If the macro scale is dominated by the code you're optimizing, which is often the case, let's say some inner loops of a codec, signal processing, etc. then the cache misses that may follow aren't really a concern. Obviously(?) taking some random code that doesn't run frequently and trying to optimize it won't make a difference. Microbenchmarks are pretty useful in this context since they let you iterate faster. More generally the question is what is the bottleneck, if the bottleneck is fetching stuff into caches then that's what you optimize for, if the bottleneck is some computation that is running from caches then that's what you optimize...
The big cautionary tale of microbenchmarking is memcpy. If you look at the Gnu memcpy, it's ridiculously long and obviously been guided by extensive benchmarking. And memcpy often shows up in profiles, so it is a big target. But in real systems a small simple loop will perform better due to icache pressure.
Memcpy lights not be a good example however because it's often replaced by a loop (or a move or eliminated altogether) by the compiler, because it's such a commun function that its understood by the compiler, and the tradeoff of the real function are also understood and taken into account (of course I'm sure there are bad optimizations)
> in real systems a small simple loop will perform better due to icache pressure
Do you have a source for this?
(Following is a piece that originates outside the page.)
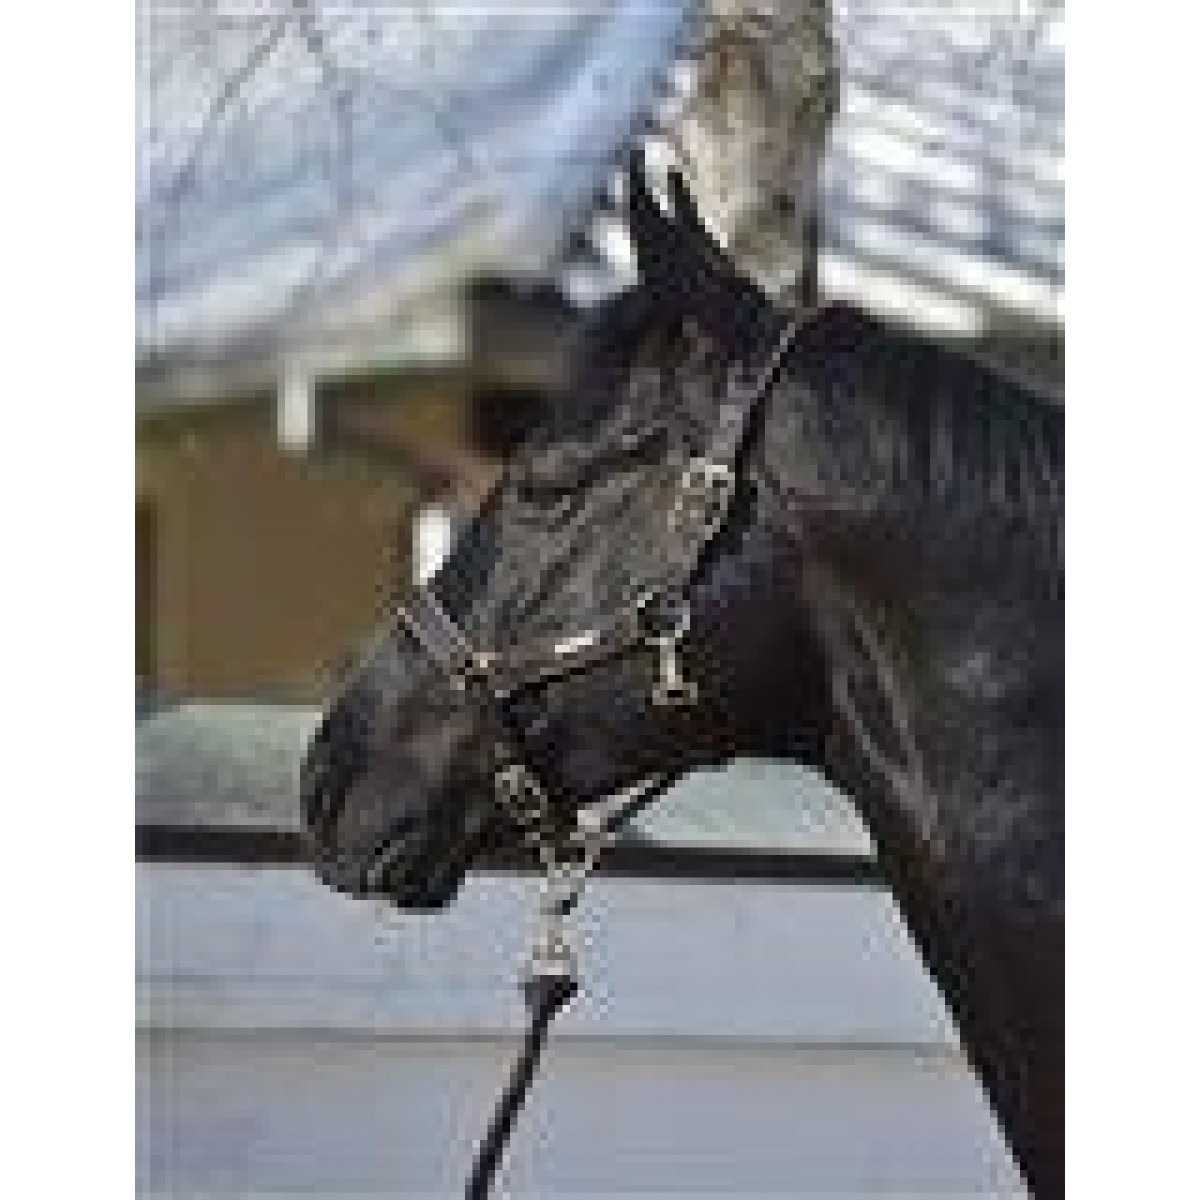 Rider by Horse Platinum Grime

Seems surprising GCC would leave such low-hanging fruit. G++ makes the effort to reduce std::copy to a memmove call when it can, or at least some of the time when it can (or at least, it did so in 2011). [0]
Related to this: does GCC treat memcpy differently when it can determine at compile-time that it's just a small copy?
Problem is superscalar processors the correspondence between number of instructions and speed breaks down. Partly because the processor does it's own optimization on the fly and can do multiple things in parallel.
A programmer should be careful about second guessing the compiler. And a compiler should be careful about second guessing the processor.
I'm not sure if you're implying this is premature optimisation. It isn't.
It's a performance-sensitive standard-library function, the kind of thing that deserves optimisation in assembly. It's also the kind of problem that can be accelerated with SIMD, but that necessarily means more complex code. That's why the standard library implementations aren't always dead simple.
Here's a pretty in-depth discussion [0]. They discuss CPU throttling, caches, and being memory-bound.
It's amazing to me that every CPU doesn't have specialized memory copying instructions given how common an operation this is and how it can be a bottleneck. We have hundreds of vector instructions to optimize all kinds of special cases but little for this most general thing?
Intel has `rep movs` which is recommended for general use, you can beat it for sizes < 128B using a specialized loop. A very good memcpy for general purposes would just branch over the size to either a specialized small copy or `rep movs` for larger sizes.
x86 does, it's called REP MOVS, and it copies entire cachelines at a time (if the size of the copy lets it.) AFAIK it has done this since the P6 family (Pentium II), and has only gotten better over time. As a bonus, it is only 2 bytes long. I believe the Linux kernel uses it as its default memcpy()/memmove().
It's funny enough that the REP family of instructions has existed at least since the original 8086/8088. It's very much a relic of the CISC heritage of the x86 ISA, and it was probably meant to make writing assembly code easier and to save space - rather to improve performance.
I remember it was actually quite common in early PC programs, but I don't remember well enough whether it was also generated by compilers, or just existed in hand-optimized assembly (which was of course extremely common back then).
As I tried to indicate, the microbenchmark-guided unrolled loops look better than the simple `rep` instruction because the benchmarks aren't realistic. They don't suffer from mispredicted branches, they don't experience icache pressure. Basically the microarchitectural reality is absent in a small benchmark.
There's also the fact that `rep` startup cost was higher in the past than it is now. I think it started to get really fast around Ivy Bridge.
This is all discussed in Intel's optimization manual, by the way.
Yes, some compilers emit AVX move instructions on memcpy or compiler-generated moves (e.g. pass by value struct). (In addition to the rep move mentioned in the sibling posts)